General background

The transport sector is one of the major sources of global warming, both from individual travel behaviour (especially car use) and from freight transport (mainly by trucks). Mobility surveys, as well as data collections about travel behaviour, are essential to develop transportation policies and measures which encourage more environment-friendly transport modes.

For achieving these goals, various data collection methodologies have been proposed in recent decades in different national or regional contexts. The need for a wider range of demand indicators on more detailed sub-populations and regional contexts is rising.

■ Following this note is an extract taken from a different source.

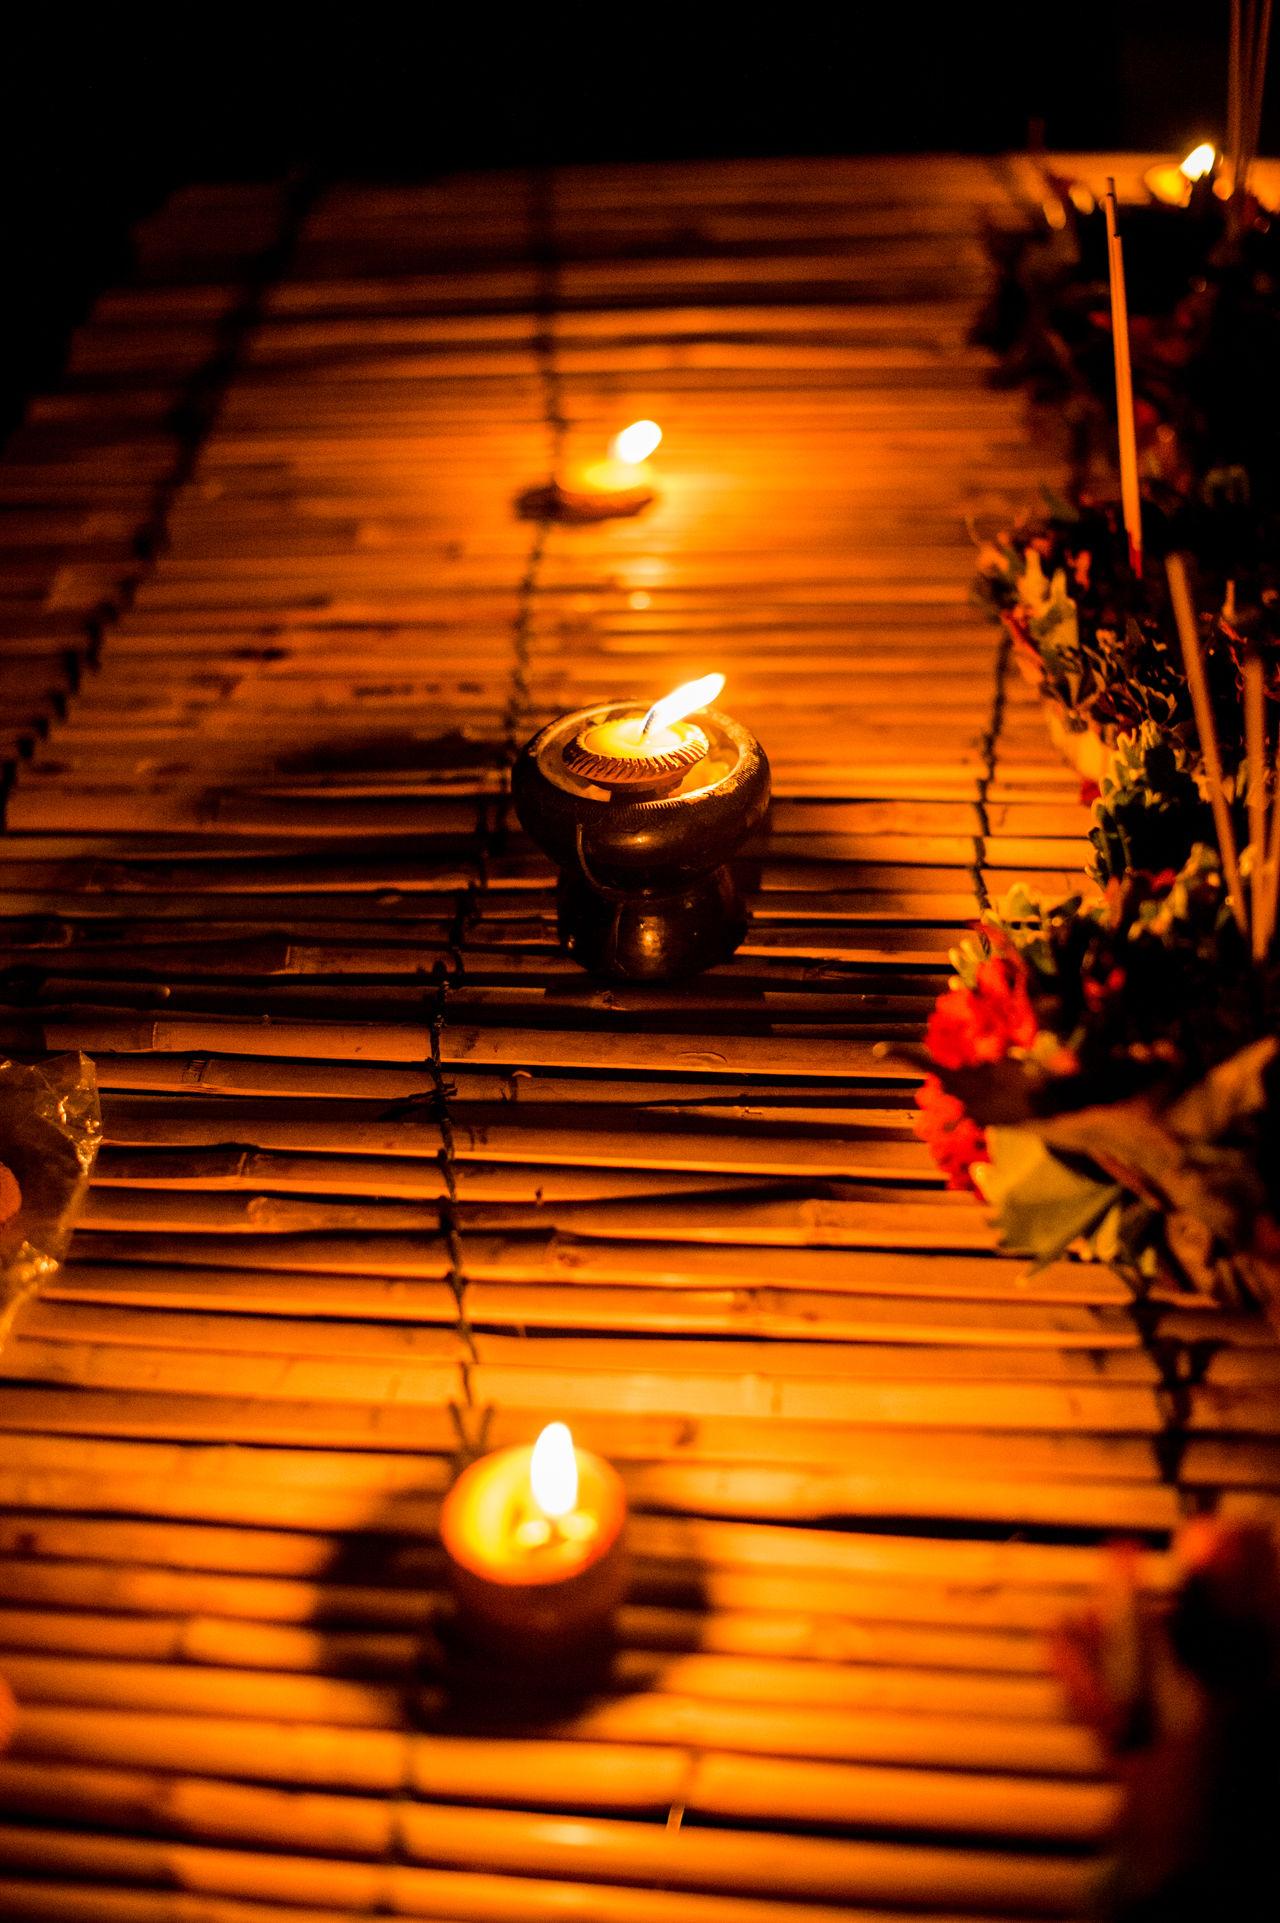 Burning Candle Close-up Diya - Oil Lamp Flame Flower Heat - Temperature Hope Illuminated Indoors  Night No People Oil Lamp Religion Spirituality Tea Light

Beyond that data quality is a real challenge, mainly because response rates are declining and interviewees are more and more reluctant to respond to burdensome questionnaires. Therefore researchers have to reduce the number of questions and to develop methodologies for improving data quality and compensating for these cuts, by either combining data sources (for example imputing travel cost from expenditure surveys) or by using new technological tools.




The most urgent need is not for direct funding of research, but rather for support of international networking and capacity-building. Indeed, the crucial comparative dimension can only be achieved through cooperation and exchange: The relevant sources of learning and improvements arise from the getting to know other surveys and approaches from other countries by an assessment by means of comparisons. This can only be achieved by a concerted discussion between transport researchers, other users of travel demand data, statisticians, researchers who set up travel demand surveys and partly also staff from the relevant national statistical offices in order to come up with new solutions.


The COST Action represents an efficient and effective route to achieve this twofold objective. By co-operative research teams from different States, it will be able to develop an active and open network, based on the commitment of researchers and boosted by regular scientific events, meetings and junior researchers" training. The COST Action and its constitutive tools (Working Groups, Short Term Scientific Missions, Conference, and Workshops) will therefore be of invaluable assistance and accelerate the emergence of a European transport harmonized surveys network, bringing ahead concrete results from studies already underway and stimulating new ones in countries which do not yet have any. Most funding sources focus on individual research projects, but this Action requires the backing of an organization of COST"s stature and experience.